Machined Plastics – Features and Benefits
Machined plastics are produced by removing excess material and then drilling holes or creating other specialized features to meet your application requirements. Routing, drilling, or CNC milling equipment is used to create precise part geometries from blocks, sheets, rods, or other standard forms of plastic materials.
Plastics machining is fast, cost-effective, and versatile, but are machined plastics right for your application? Let’s take a look at the advantages of machined plastics, and consider how CNC milling, drilling, and routing can be used to machine many different plastic materials.
Advantages of Machined Plastics
Machined plastics do not require molds. Instead, equipment such as a router reads a computerized file that contains two-dimensional (2D) part coordinates. Applications such as AutoCAD and SolidWorks can output computer-aided design (CAD) files in a variety of formats, including .DXF, .HPL, and .EPS. These files contain highly-precise instructions, and enable part designers and manufacturers to make changes easily.
Because machined plastics don’t use molds, there’s never any special tooling to make or revise. Although some initial molds can be made from lower-cost materials, production molds for high-quality plastic parts are often expensive. Moreover, plastics machining supports both quick-turn prototyping and low-volume production. Work can start sooner, and part revisions can be incorporated more quickly.
CNC Milling, Drilling, and Routing of Machined Plastics
Cost and speed aren’t the only benefits. Plastics machining is more precise than plastics molding, and supports fine trimming or de-gating for a blemish-free finish. At Interstate Specialty Products, for example, part specifications for machined plastics can include holes as small as 0.010” to 0.5” with ±0.002″ tolerance, and internal radii from 0.012.
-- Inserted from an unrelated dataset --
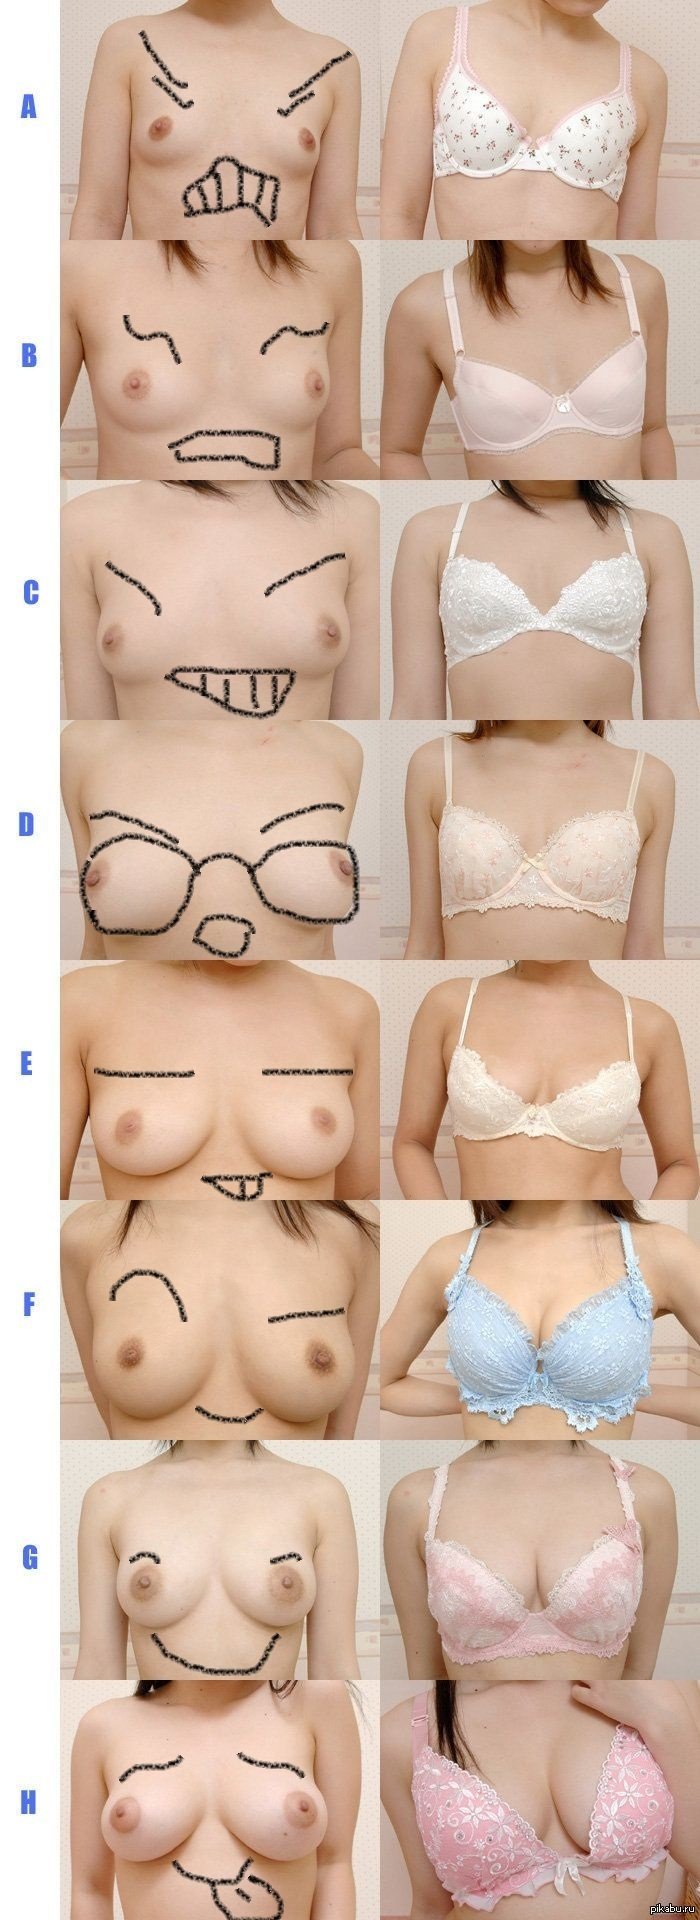 Порно разные формы груди

Machined plastics are made of ABS, Acetal, acrylic, Delrin, HDPE, Kapton, Lexan PTFE, PVC, Torlon, Ultem, Vespel and many other polymers, including hard-to-mold plastics. Examples of machined plastics from Interstate Specialty Products include insulators, standoffs, spacers, shims, and flow components. We’ve worked with plastics 0.0002″ to 1.0″ thick, and can meet or exceed MIL-I-45208A specifications.